株式会社Gaiaとの戦略的提携に関する基本合意のお知らせ

G-イオレ (23340)

  • Strategic Partnership: IoTeX has agreed to a strategic partnership with Gaia, aiming to collaborate in Digital Asset Treasury (DAT), Digital Asset Lending (DAL), and Digital Asset Management (DAM) areas.
  • Gaia’s Strengths: Gaia brings expertise in crypto asset portfolio construction, high-level execution capabilities, advanced security measures, business implementation skills, and successful DeFi products like ‘Kashikoi’ and ‘LOCKON’.
  • Partnership Goals: IoTeX aims to accelerate DAT accumulation, enhance DAL and DAM revenue generation, and strengthen a one-stop design for acquisition, management, and settlement of crypto assets.
  • Future Prospects: The partnership is expected to contribute positively to IoTeX’s long-term business growth and corporate value enhancement.
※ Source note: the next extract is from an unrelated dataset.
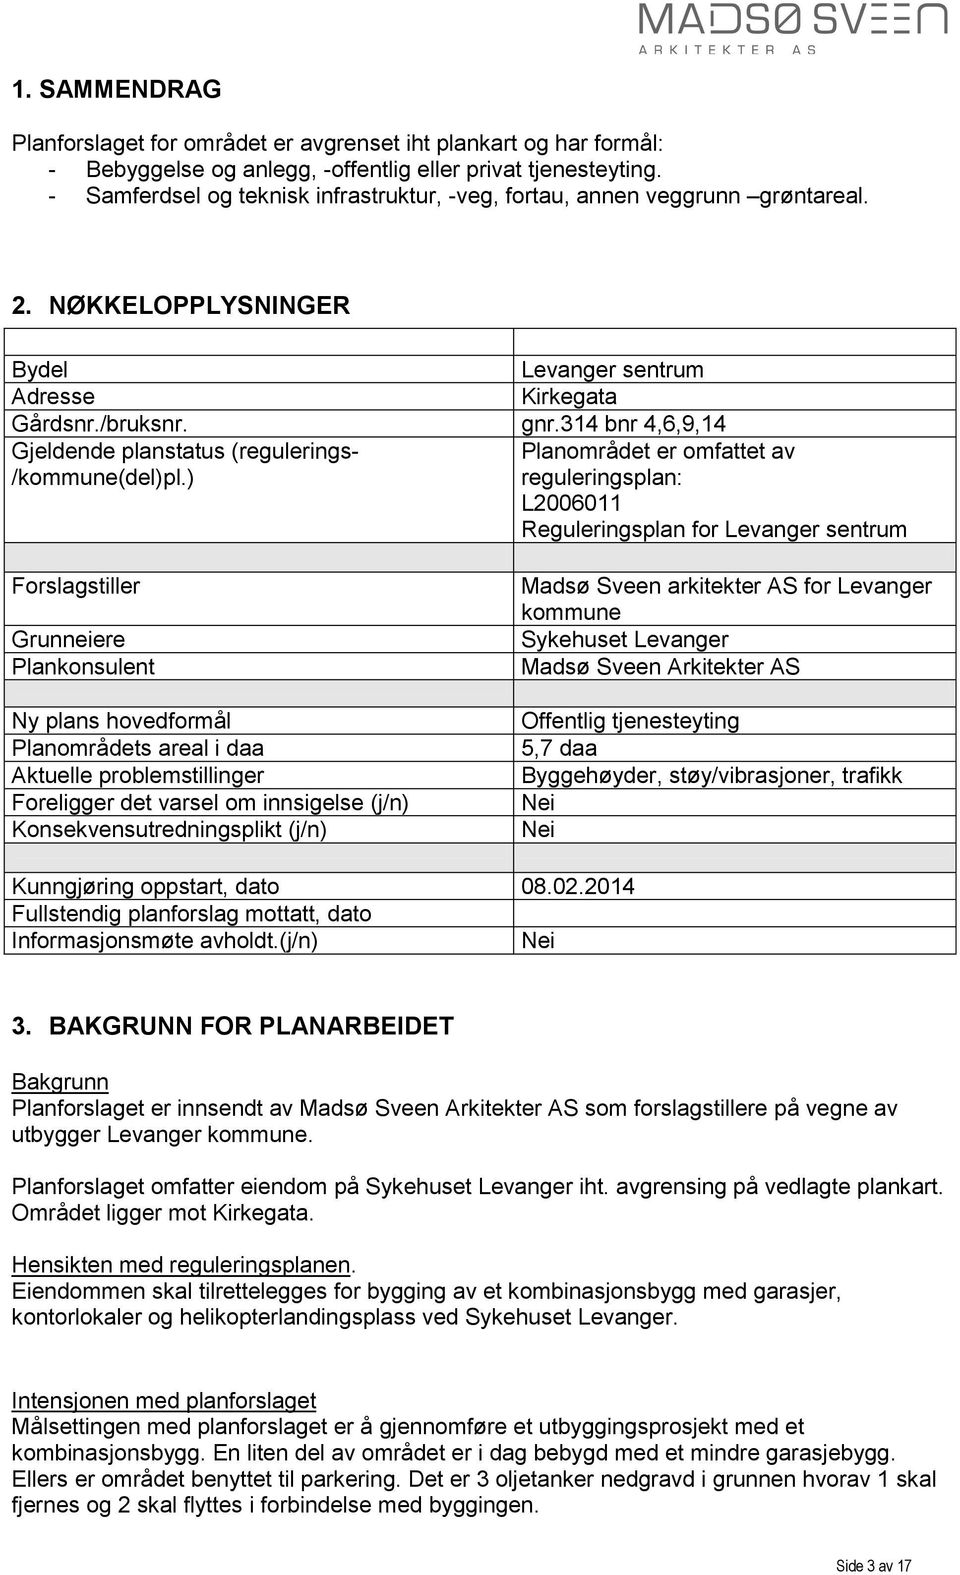 314 bnr 4,6,9,14 Gjeldende planstatus (regulerings- Planområdet er omfattet av /kommune(del)pl.

Detailed impacts on current period earnings are being assessed.
  • No Material Changes Stated: While the announcement highlights future prospects, it does not mention any material changes or revisions to previously stated guidance.

和解による訴訟の解決に関するお知らせ

サカイHD (94460)

  • Lawsuit Settlement: Sakai Holdings (94460) settles lawsuit with four former executives of a subsidiary.
  • Settlement Amount: The former executives will pay ¥6,300,000 as settlement fee.
  • Minor Impact on Business: The settlement has a minor impact on the company’s 2026 Q3 business results.
  • No Further Details: Specific details of the settlement are confidential due to a non-disclosure clause in the agreement.

役員の異動に関するお知らせ

KLASS (62330)

  • Board Changes Announced: KLASS (6233) has announced changes to its board of directors.
  • New Appointments: Nakaki Teru, Yoshiya Kazuhiro, and Ota Moko have been appointed as external auditors (independent).
  • Resignation: Former auditor Sekikawa Masahiro is stepping down.
  • Effective Date: Changes will be effective after the approval at the 77th regular shareholders’ meeting on December 23, 2025.
  • No Impact on Financial Guidance: No mention of changes to financial guidance or expectations.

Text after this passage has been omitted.